The Catch: Precision Loss is Real

You might have noticed that 3.14 became 3.138671875 in the example above. That's not a bug; it's the nature of 16-bit floats.

While Float32 can represent numbers up to roughly $3.4 \times 10^{38}$ with 7 decimal digits of precision, Float16 caps out at 65,504 and only gives you about 3.3 decimal digits.

When should you use it?
- Storing Weights: Perfect. Neural networks are surprisingly resilient to this slight loss of precision.
- GLSL/WGSL Buffers: Essential for performance.

When should you avoid it?
- Accumulating Sums: If you are adding thousands of small numbers together (like in a dot product), the rounding errors in Float16 will snowball quickly. Do your heavy accumulation in Float32, then cast back to Float16.

// A dangerous pattern: accumulating in FP16
let sum = new Float16Array([0])[0];
for (let i = 0; i < 1000; i++) {
    sum += 0.0001; // Rounding errors will eat this alive
}

// The better way:
let sum32 = 0;
for (let i = 0; i < 1000; i++) {
    sum32 += 0.0001;
}
const finalResult = new Float16Array([sum32])[0];

Supercharging WebGPU

The real magic happens when you pair Float16Array with WebGPU. Previously, if you wanted to upload FP16 data to a GPU shader, you had to wrap it in a Uint16Array and do some truly disgusting bit-manipulation inside your WGSL shader to "unpack" it.

Now, with the shader-f16 extension in WebGPU, the pipeline is seamless.

// Check if the browser supports 16-bit floats in shaders
const adapter = await navigator.gpu.requestAdapter();
const supportsF16 = adapter.features.has("shader-f16");

if (supportsF16) {
    const device = await adapter.requestDevice({
        requiredFeatures: ["shader-f16"],
    });

    // Now you can pass Float16Array directly to your GPU buffers
    const weightBuffer = device.createBuffer({
        size: myModelWeights.byteLength,
        usage: GPUBufferUsage.STORAGE | GPUBufferUsage.COPY_DST,
    });

    device.queue.writeBuffer(weightBuffer, 0, myModelWeights.buffer);
}

By keeping the data in 16-bit from the disk to the GPU, you reduce the pressure on the PCIe bus (or the unified memory bus on Apple Silicon).
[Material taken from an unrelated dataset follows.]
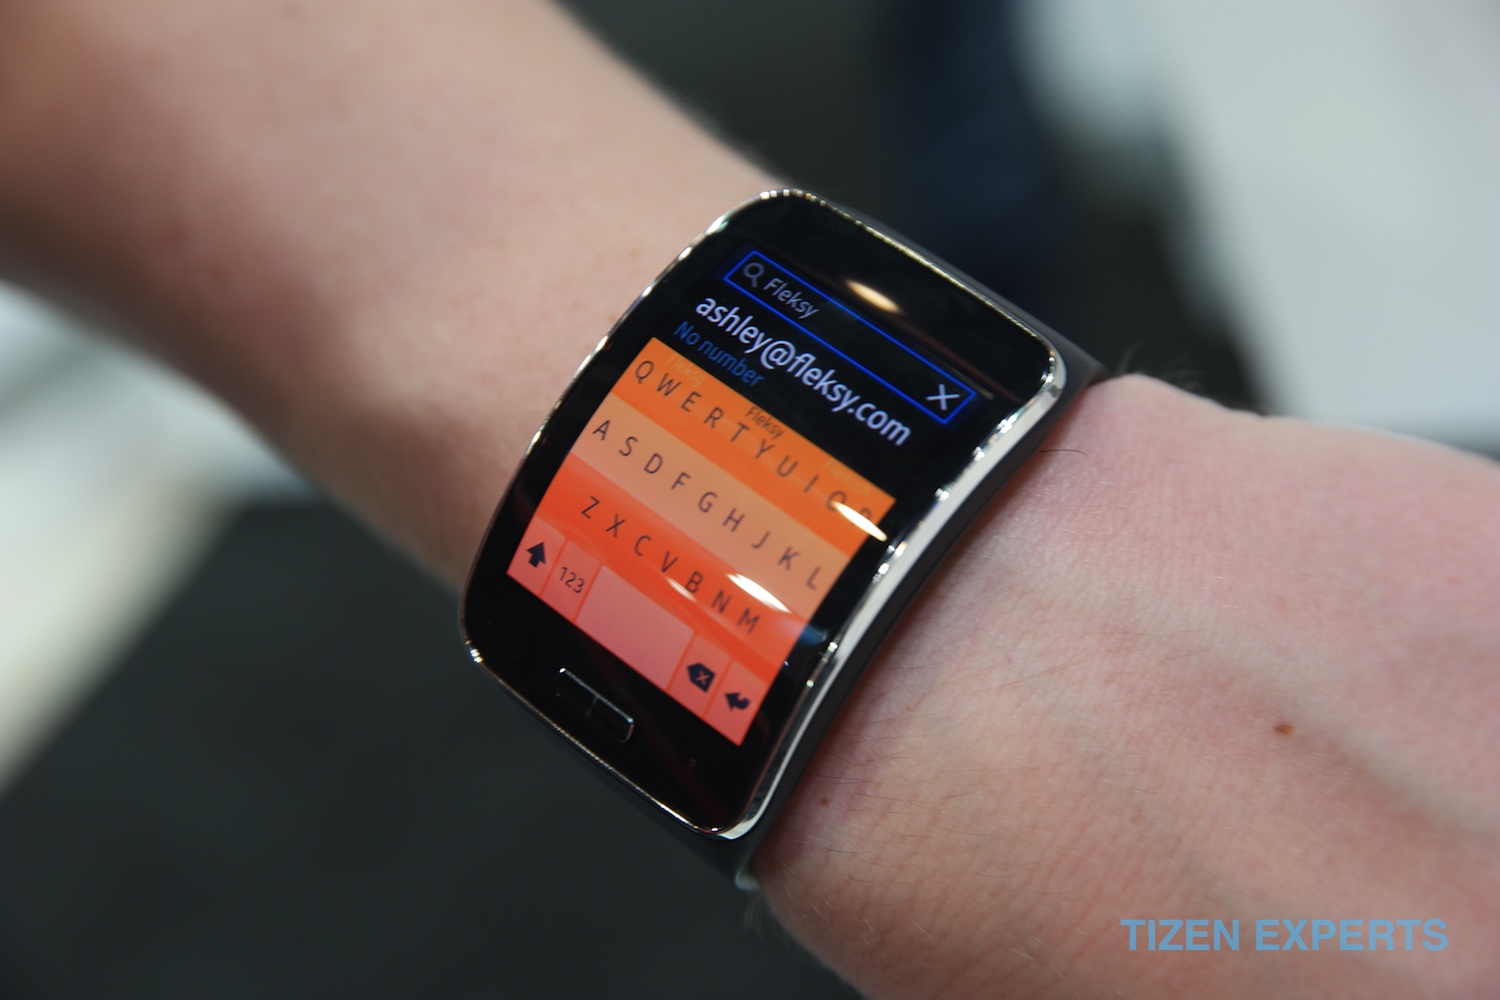 fleksy gear s app download now available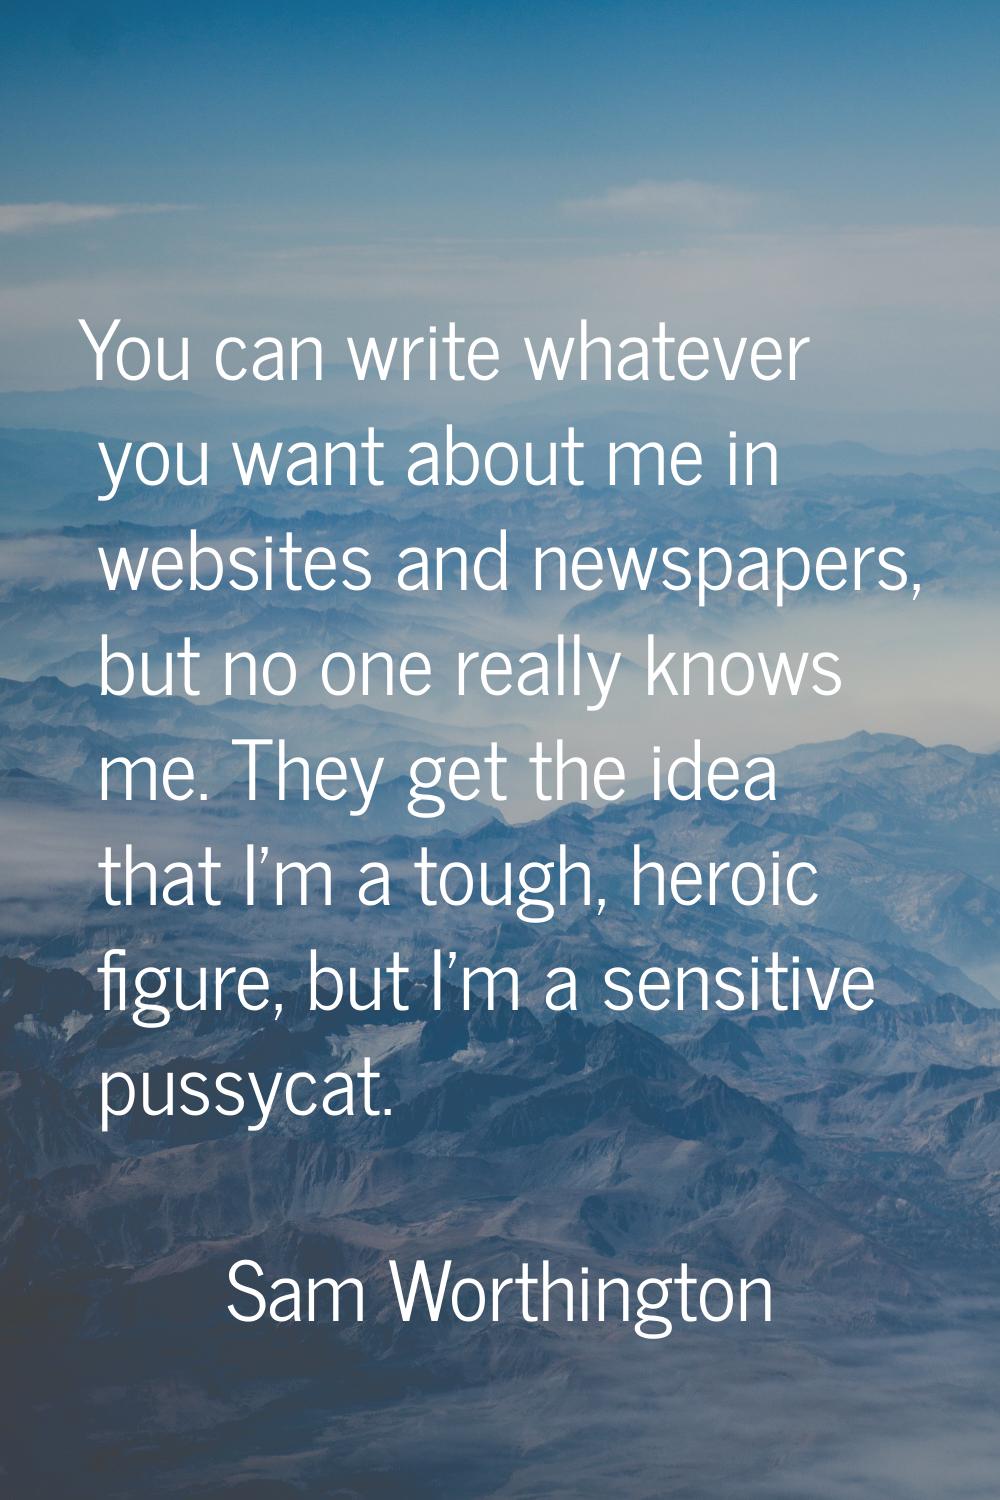 You can write whatever you want about me in websites and newspapers, but no one really knows me. Th

You're literally moving half the data, which often results in a nearly 2x speedup for data-transfer-bound operations.

Can you use it today?

The Float16Array is part of the ES2024 specification. The browser support is actually quite good now:
- Chrome/Edge: Version 121+
- Firefox: Version 129+
- Safari: Version 18+

If you need to support older browsers, there is a float16 polyfill that mimics the API, but you won't get the native memory savings—it's mostly to keep your code from throwing ReferenceError.

The "So What?"

If you're building a simple Todo app, you will never care about Float16Array. But if you're part of the new wave of "Local AI" developers trying to squeeze a Llama-3 or a Whisper model into a browser tab, this is a landmark update.

We are moving away from a world where the browser was just a thin client for a heavy Python backend. Native half-precision floats are one of the last few bricks needed to build a professional-grade AI inference engine entirely in JavaScript.

Go forth and save some RAM. Your users' fans will thank you.